• **What you will do**
Down to the final line, print the records below exactly and without pictures.

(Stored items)
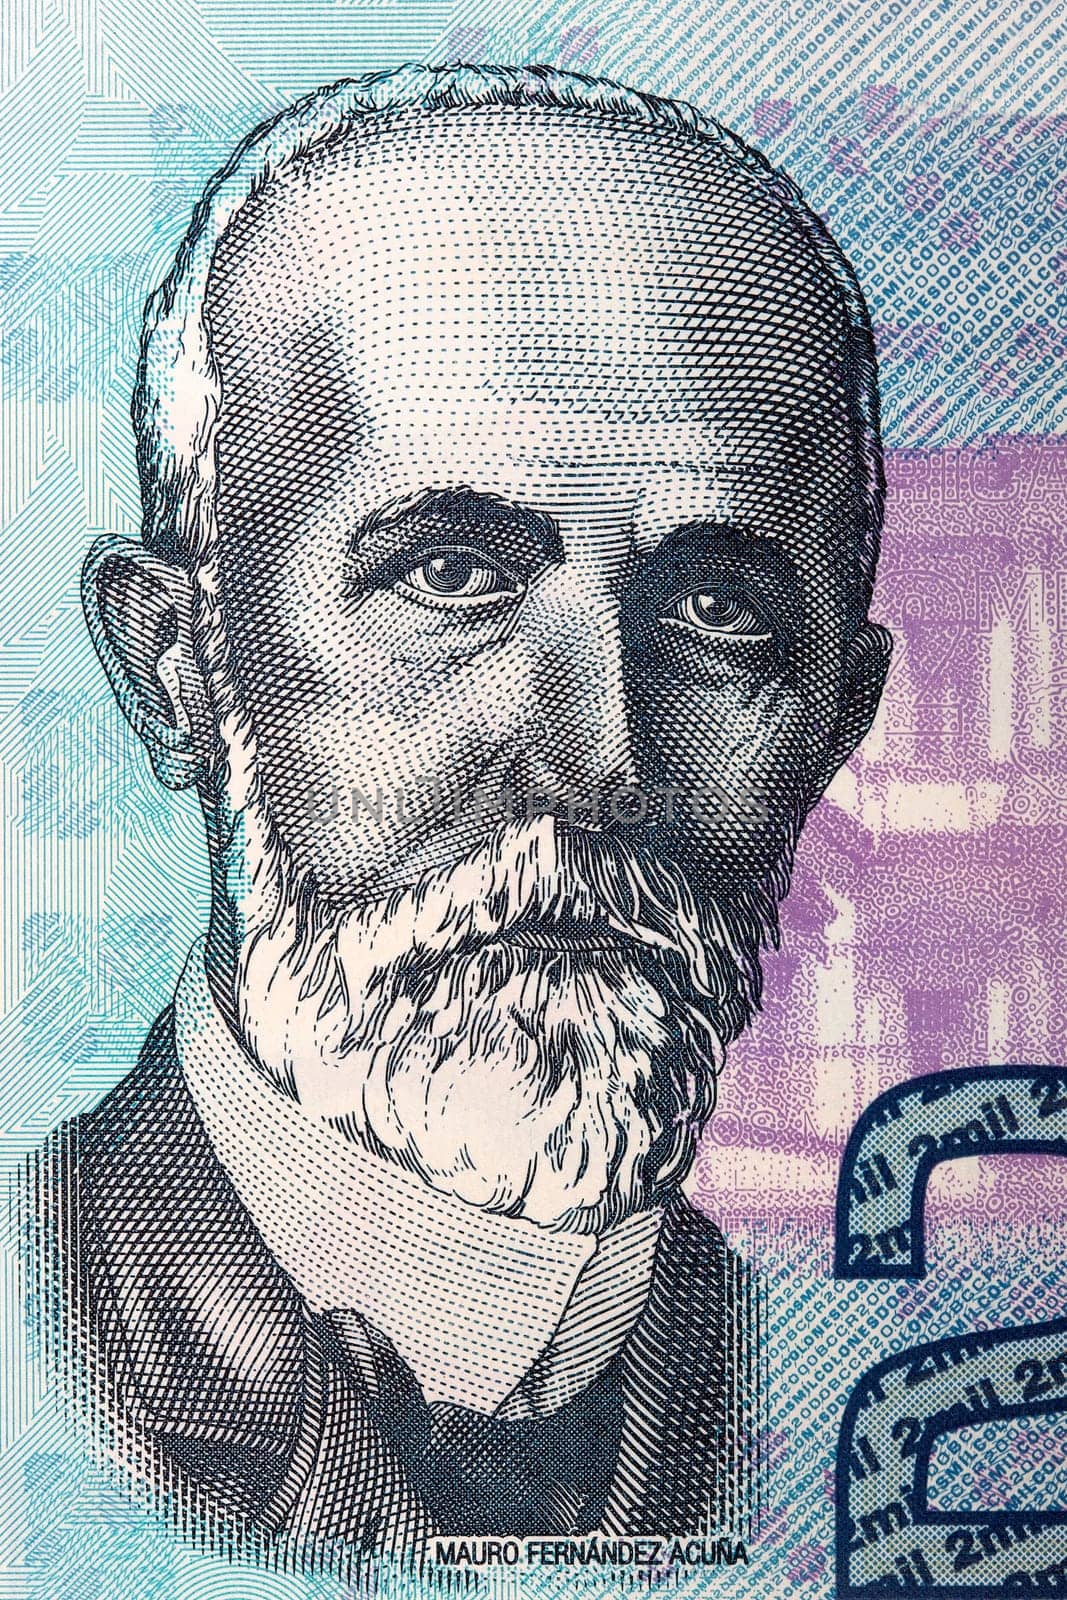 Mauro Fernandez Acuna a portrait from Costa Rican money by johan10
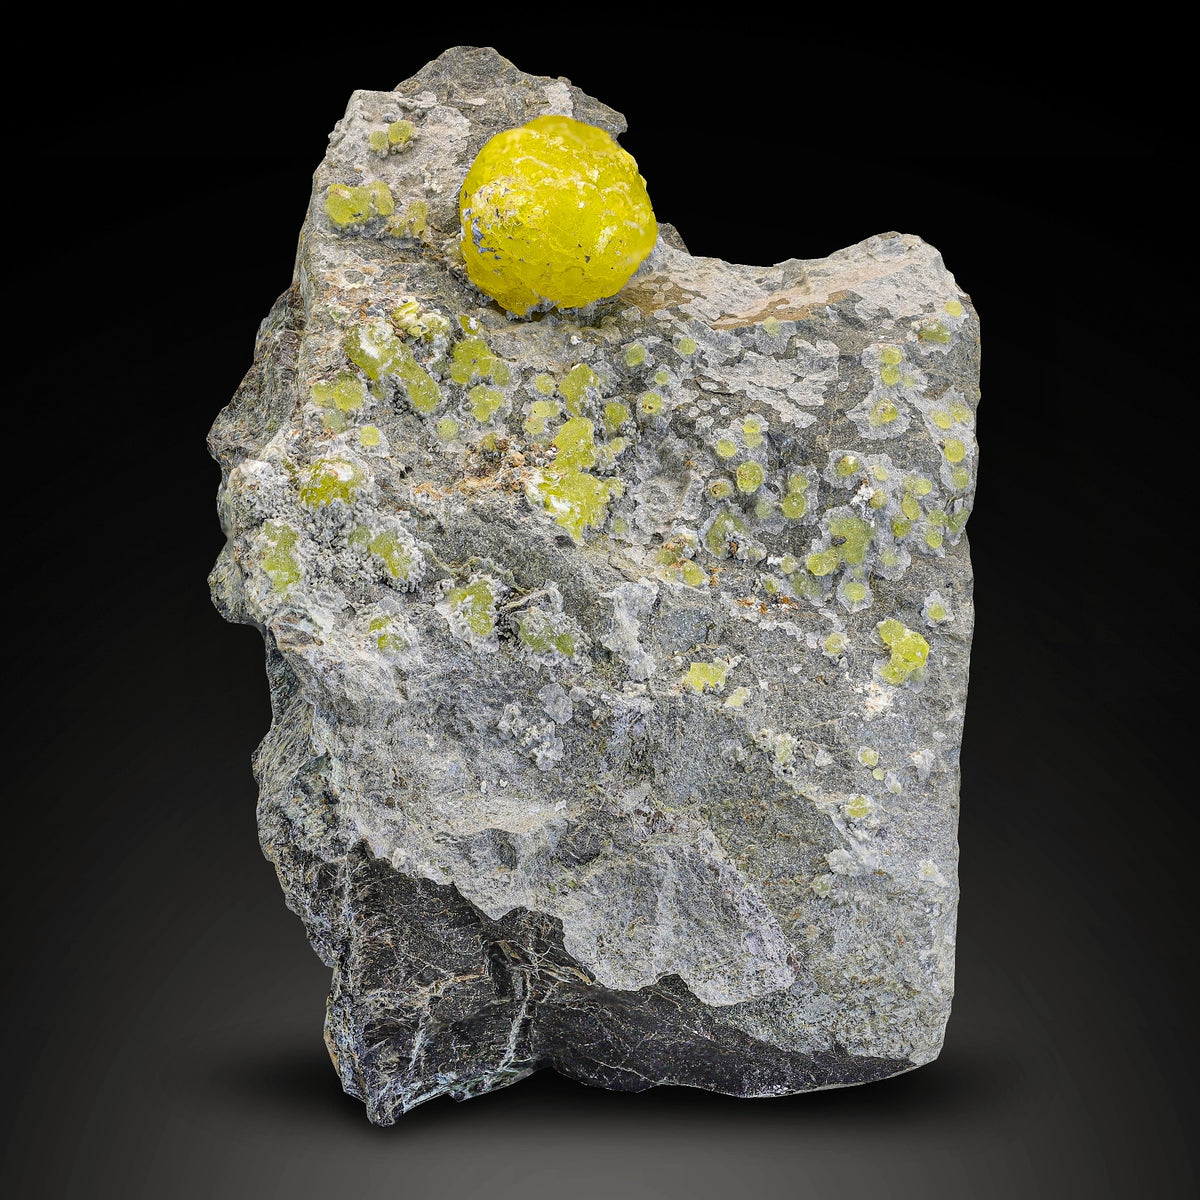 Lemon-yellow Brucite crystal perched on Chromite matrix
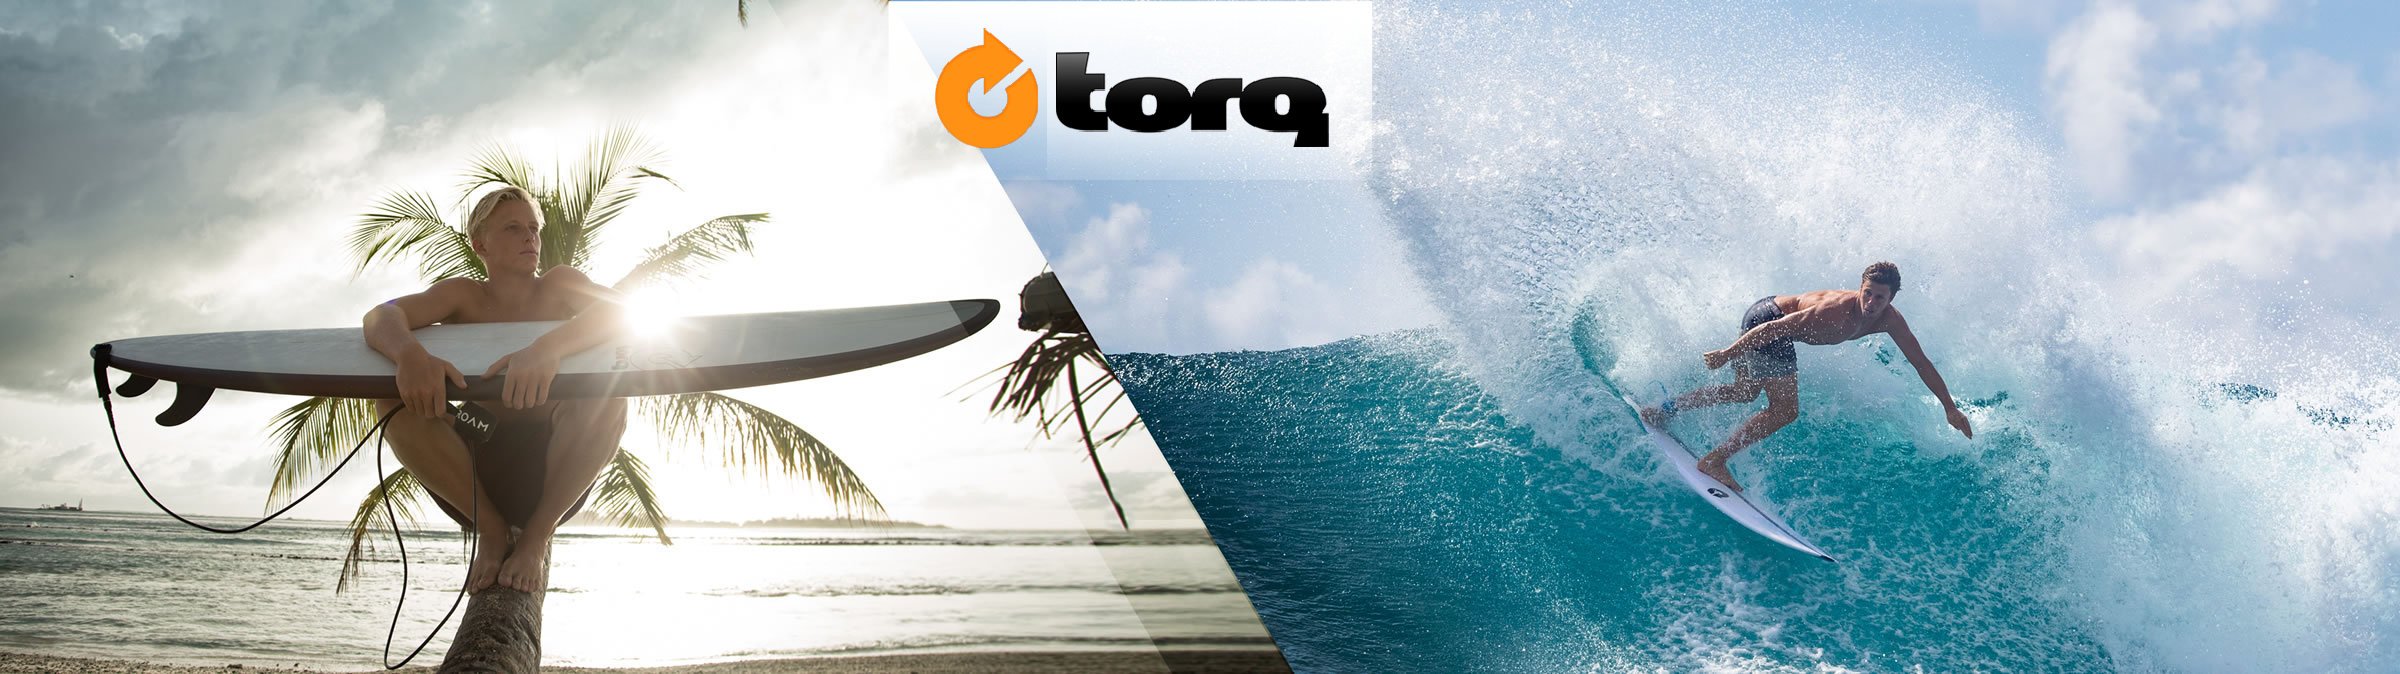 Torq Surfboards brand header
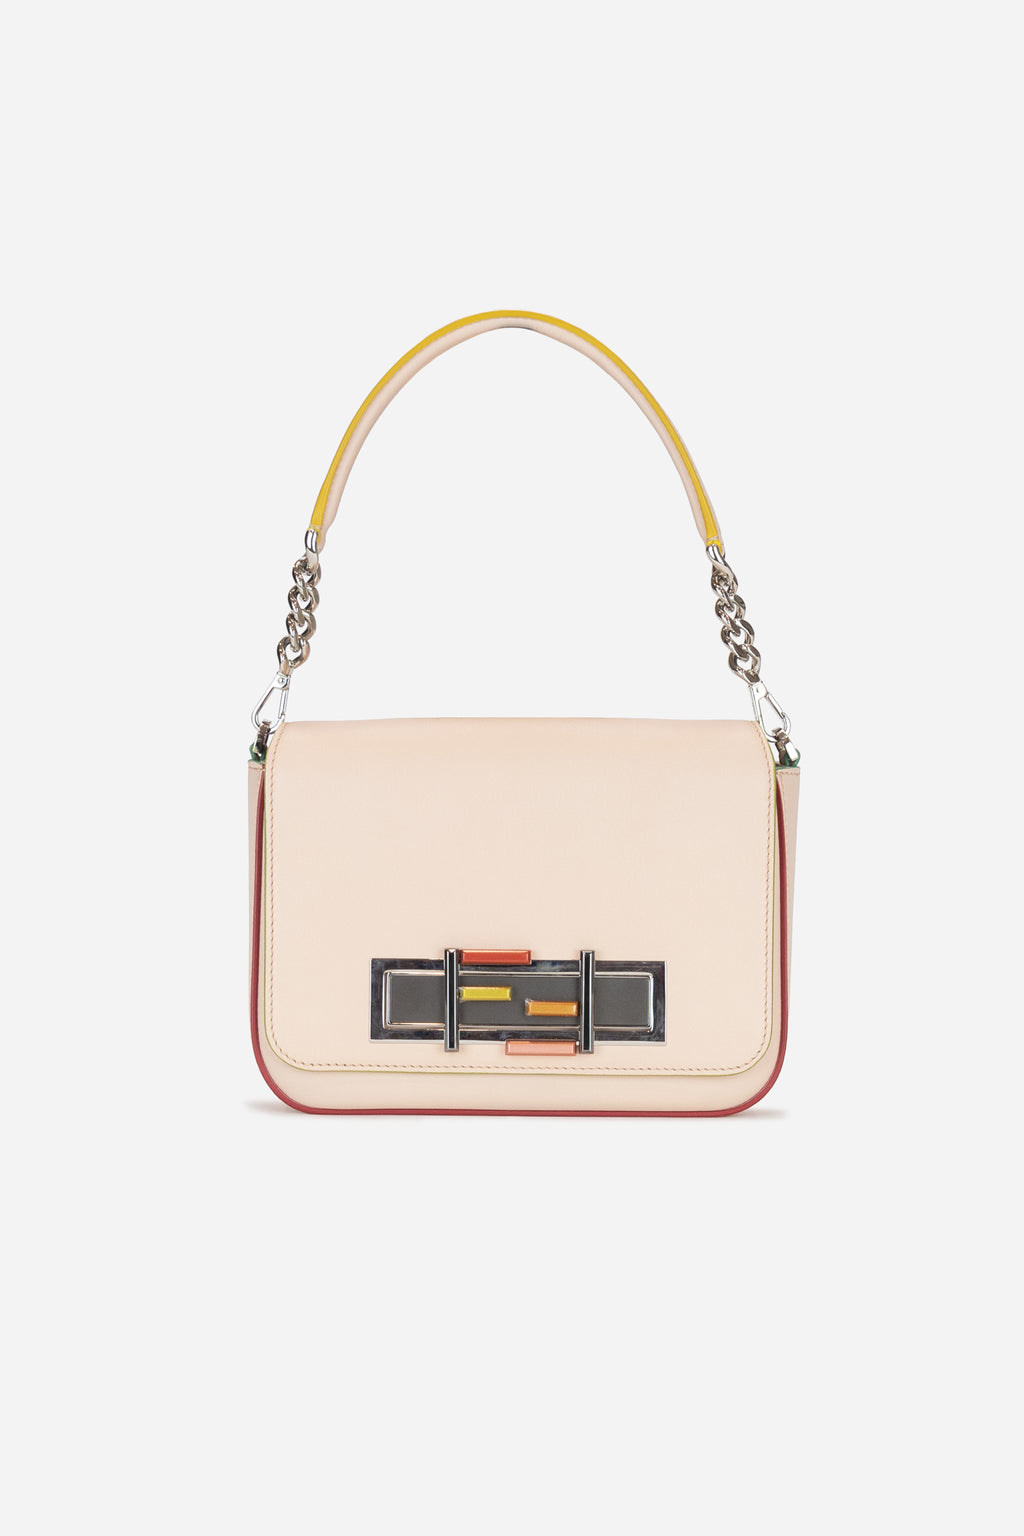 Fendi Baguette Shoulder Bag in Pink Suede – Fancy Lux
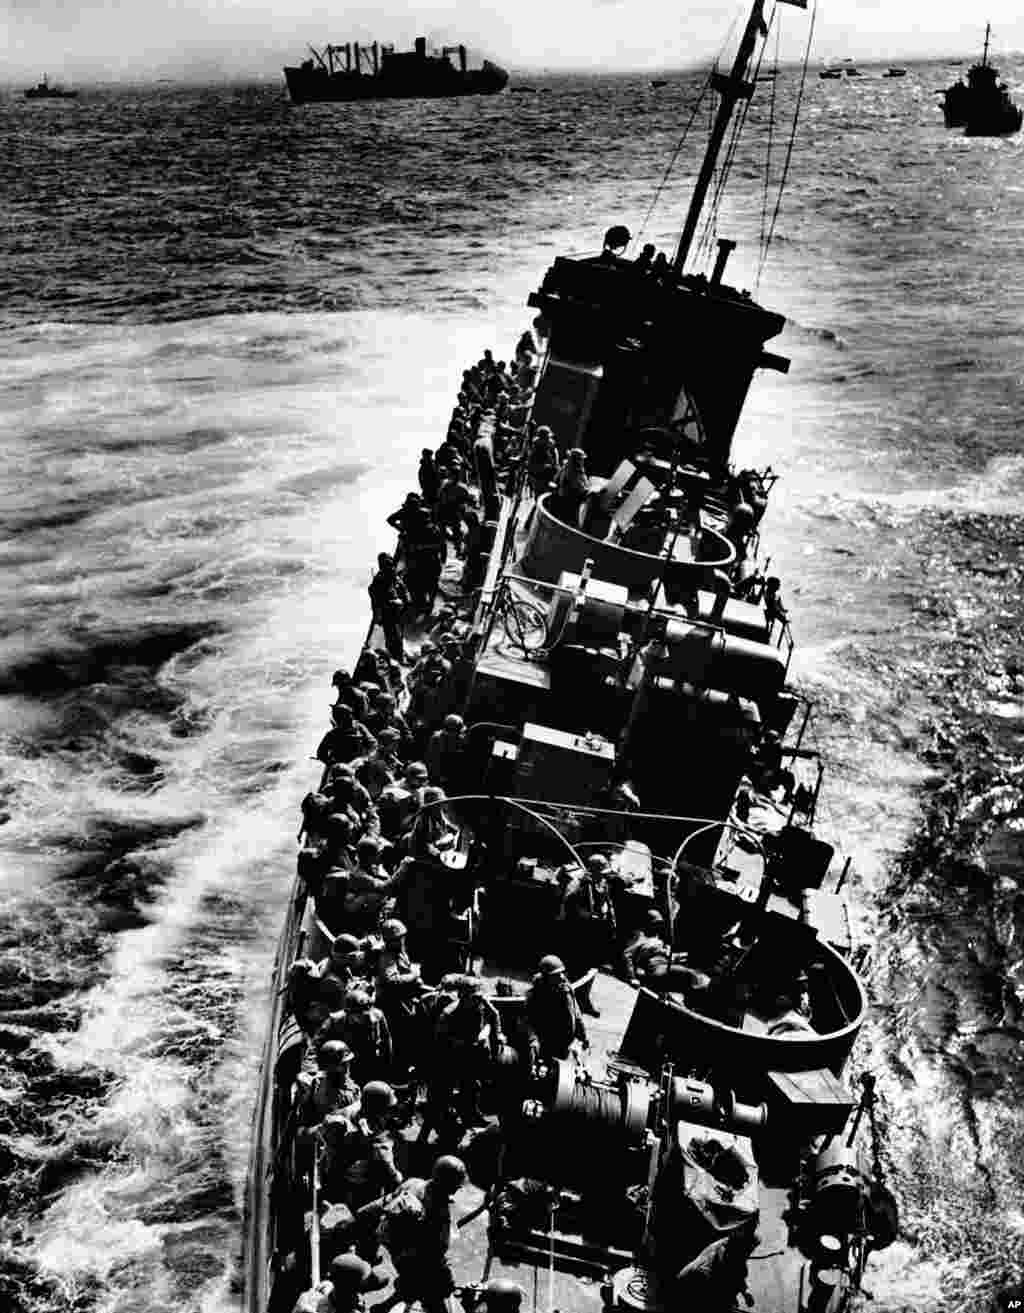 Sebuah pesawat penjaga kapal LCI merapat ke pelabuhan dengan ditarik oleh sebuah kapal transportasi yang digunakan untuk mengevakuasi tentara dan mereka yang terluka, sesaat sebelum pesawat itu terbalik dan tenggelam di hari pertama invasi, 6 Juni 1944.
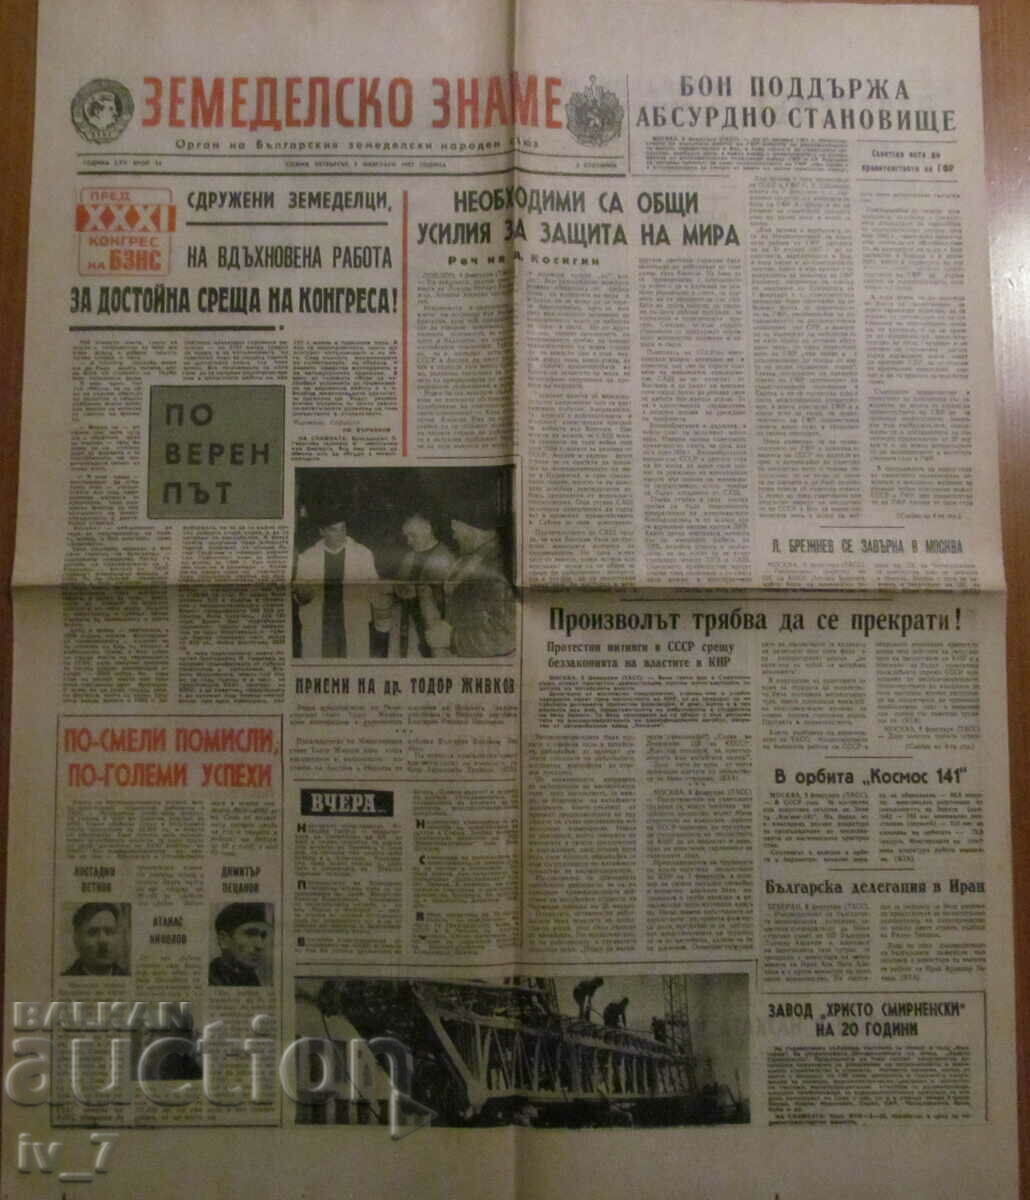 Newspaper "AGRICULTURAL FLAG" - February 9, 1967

• **Solution**
 Mauro Fernandez Acuna a portrait from Costa Rican money by johan10
 Lemon-yellow Brucite crystal perched on Chromite matrix
 Torq Surfboards brand header
 Fendi Baguette Shoulder Bag in Pink Suede – Fancy Lux
 Sebuah pesawat penjaga kapal LCI merapat ke pelabuhan dengan ditarik oleh sebuah kapal transportasi yang digunakan untuk mengevakuasi tentara dan mereka yang terluka, sesaat sebelum pesawat itu terbalik dan tenggelam di hari pertama invasi, 6 Juni 1944.
 Newspaper "AGRICULTURAL FLAG" - February 9, 1967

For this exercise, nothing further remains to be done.